Saturday, October 22, 2011

Vegas part 2

I am sitting in the Edmonton airport killing time until my flight...I am thinking about my trip and all that we did and all that we wanted to do but didnt have time for...I am thinking about how out of shape I am because my legs are killing me from all the walking! All in all, it was a great trip!! My first impressions were not that fantastic and after the first day there I was kind of questioning if this was the the kind of holiday for me, but in the end I would love to go back, there so much I didnt get to do that I want too! I think the key is time of day ( walking the strip for the first time at 1 am in horribly uncomfortable shoes, after losing your credit card and having your breasts exploding because I forgot the pump, all directly after flying all day and getting up at 5am to boot... not the greatest way to first experience Vegas) A good nights sleep, a fun breakfast and a noticeable lack of nudie cards made the trip much better!

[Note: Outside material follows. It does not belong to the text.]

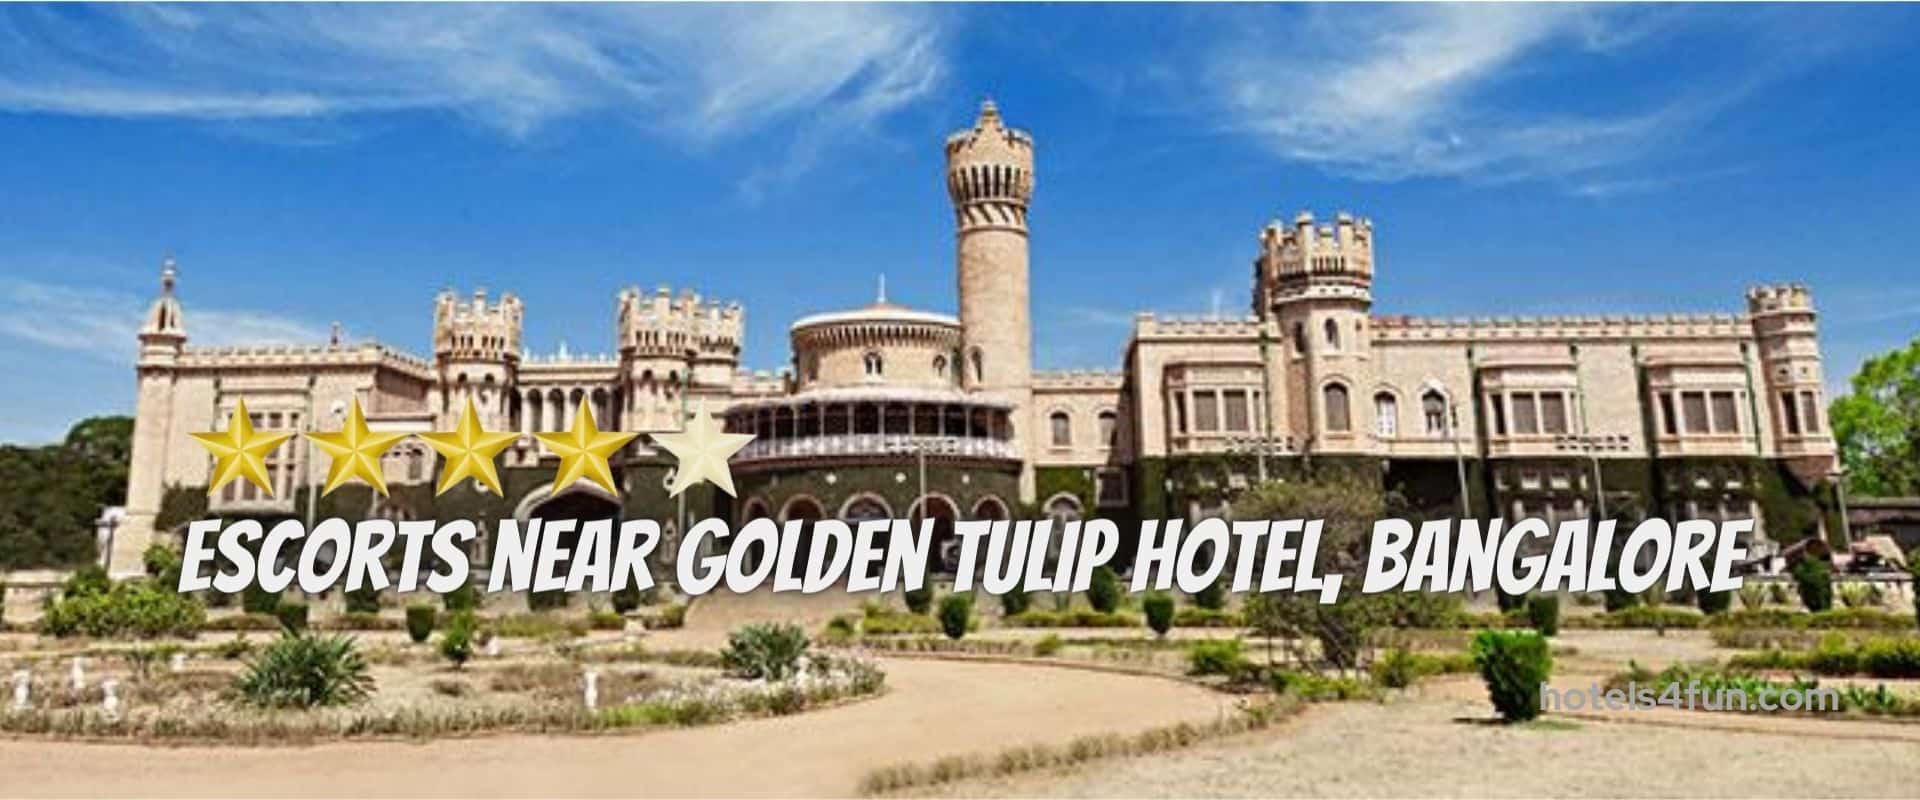 Golden Tulip Hotel Bangalore

People told me going on a holiday with your girlfriends will make or break your friendship and I have to say I still love those crazy Zambuca shooting- high fiving strangers- shop till you drop buying $30 chap stick... party animals that I call Leah and Natalie. Ok, Leah is a bit more a party animal but I wont blame Natalie, she doesnt like to feel out of control, and who else would have put me in my jammies and taken my contact out if it wasnt for Natalie and her in control ways! ;)

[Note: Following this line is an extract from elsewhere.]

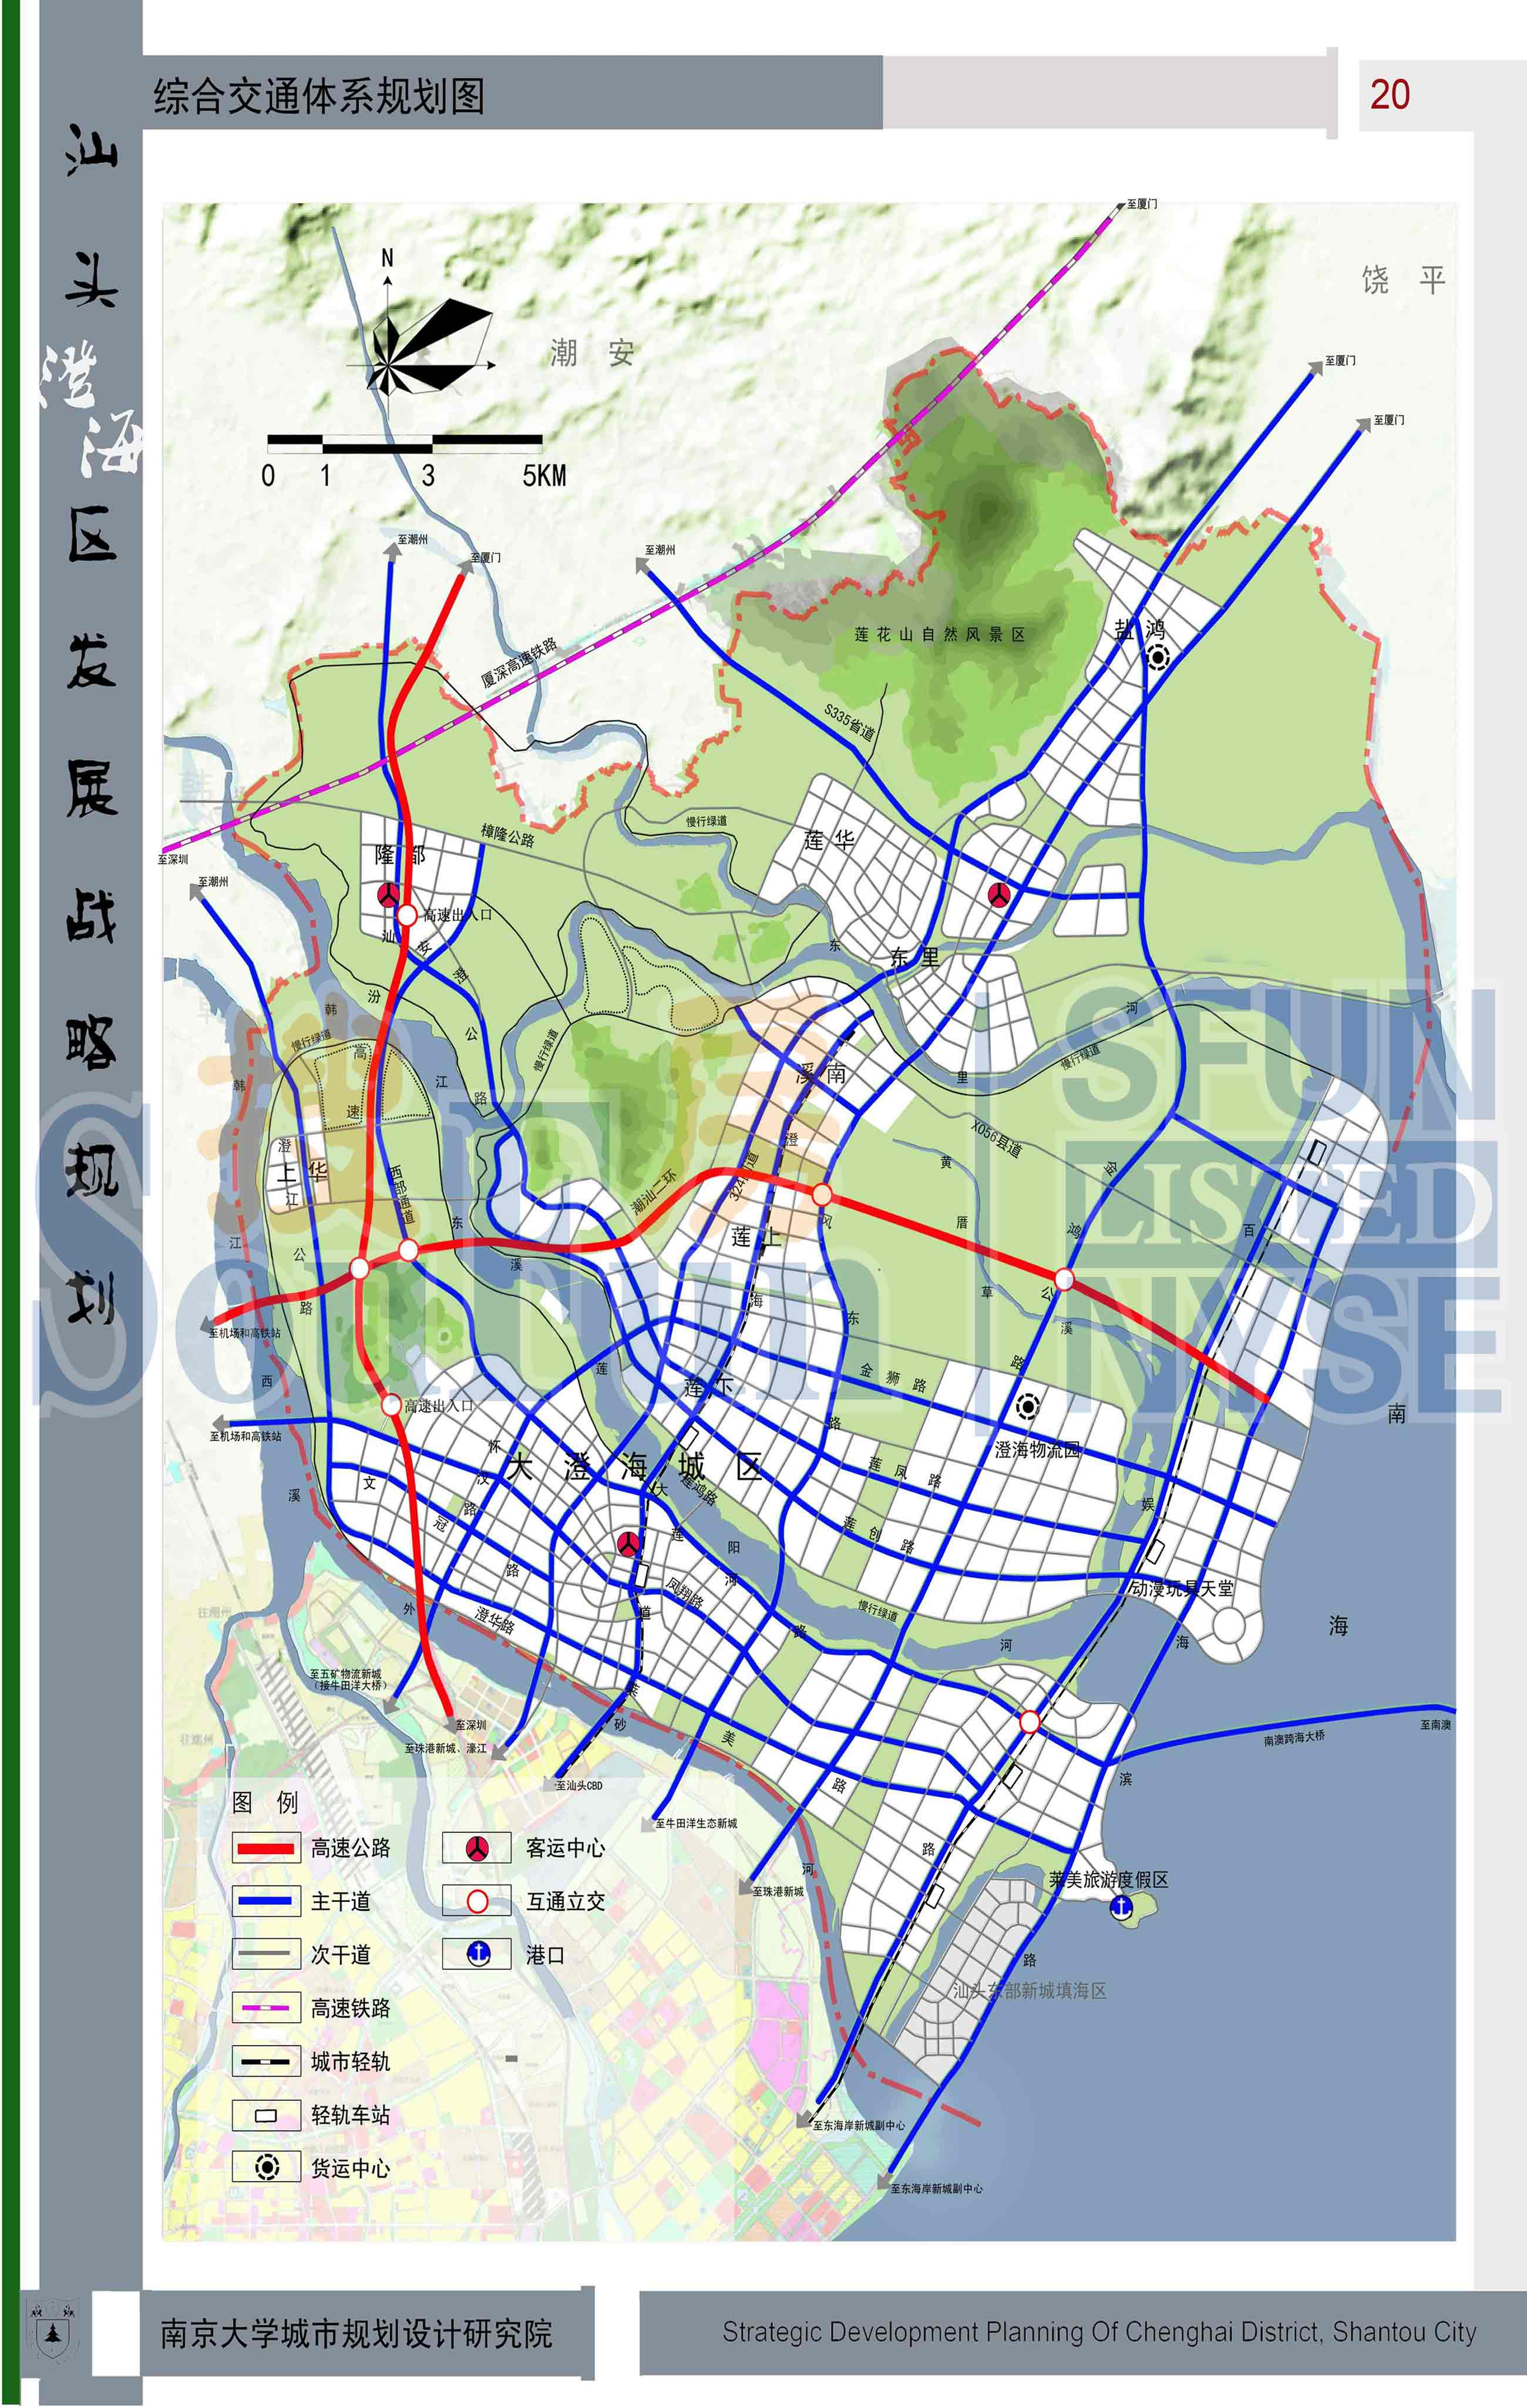 《汕头市澄海区战略发展镇规划(2010-2030)》初步方案公示意见征集

We saw "O" last night...first actually we had to buy tickets that were TWO HUNDRED DOLLARS to see O, I had a mini panic attack thinking how many "foot rubs" I was going to have to give Chad for those tickets and was hoping it was going to live up to all the hype. So for the record I want to say, IT DID live up, did it ever!!! WOWOWOWOWOWWW! It was AMAZING! There were times I was so nervous for the performers that I couldnt keep the gasps in if I wanted too and my hands were sweating like a teenage boy dancing with his first girl! It was so great I would go again in a heartbeat! We didnt get to go on the roller coaster in New York New york due to excessive shopping and so that was disappointing but it will be something to do next time. We did however get all gussied up in our mommy best and went to the Bellagio before "O" and had a VERY yummy dinner in a VERY fancy restaurant. I think the restaurant actually made Natalie a bit snooty it was so fancy she wouldnt let me ask the waiter to take our picture because " it wasnt his job and not that kind of place" boooo to her! We got to eat food that melted in my mouth, we were truly waited on like we were special and we were able to see the most breathtaking water show from the terrace that I have ever seen, now THIS was my kind of holiday!
We strolled the Forum shops with all their Gucci, Prada, Dior stores like were were so poshy posh. Last night was in Stark contrast to the blue jean wearing, zip lining drunk dancing in the street to Def Leopard that was the night before, this was classy Vegas and I LOVED it Who knew?
I had so much fun with these ladies, we had such great moments of real hearty laughing, new experiences and wonderful memories that I am glad I went with them and was a part of it!

Today though I feel anxious to get home. The 3 hour plane ride from Vegas to Edmonton was LONG, I just wanted to get there and get there quickly! (and the man behind me kept farting...he kept saying excuse me but that didnt help, it was baaaad.)
I actually burst into tears talking to a security woman in the EIA... She was older and kind and I was last in line to check my bags again for my connecting flight. She made small talk with me and asked me if I had a good trip and I said it was my first trip away from my baby girl...she patted my arm and the tears started flowing from me so quickly that I couldnt stop them if I tried. She was so kind and told me stories of when she left her babies to holiday and felt the same way...I am so conflicted by these emotions, I want to get away and relax and find myself again but when I go my heart is broken and aching for my babies....I wil be home in 2 hours from now and it just cant come soon enough! I called Chad and spoke to the kids and cried the whole conversation, people looked at me like I was crazy but thats ok, I dont care :)

So when I get home tonight I am going to put up some pictures on facebook and re live the Vegas experience!! Talk to you later! Time to board my plane and get home to my family!!!

1 comment:

  1. Sounds like you had a great time! You will also have a great time when you get home and see you little faces and start re living your time away...like a two for one holiday!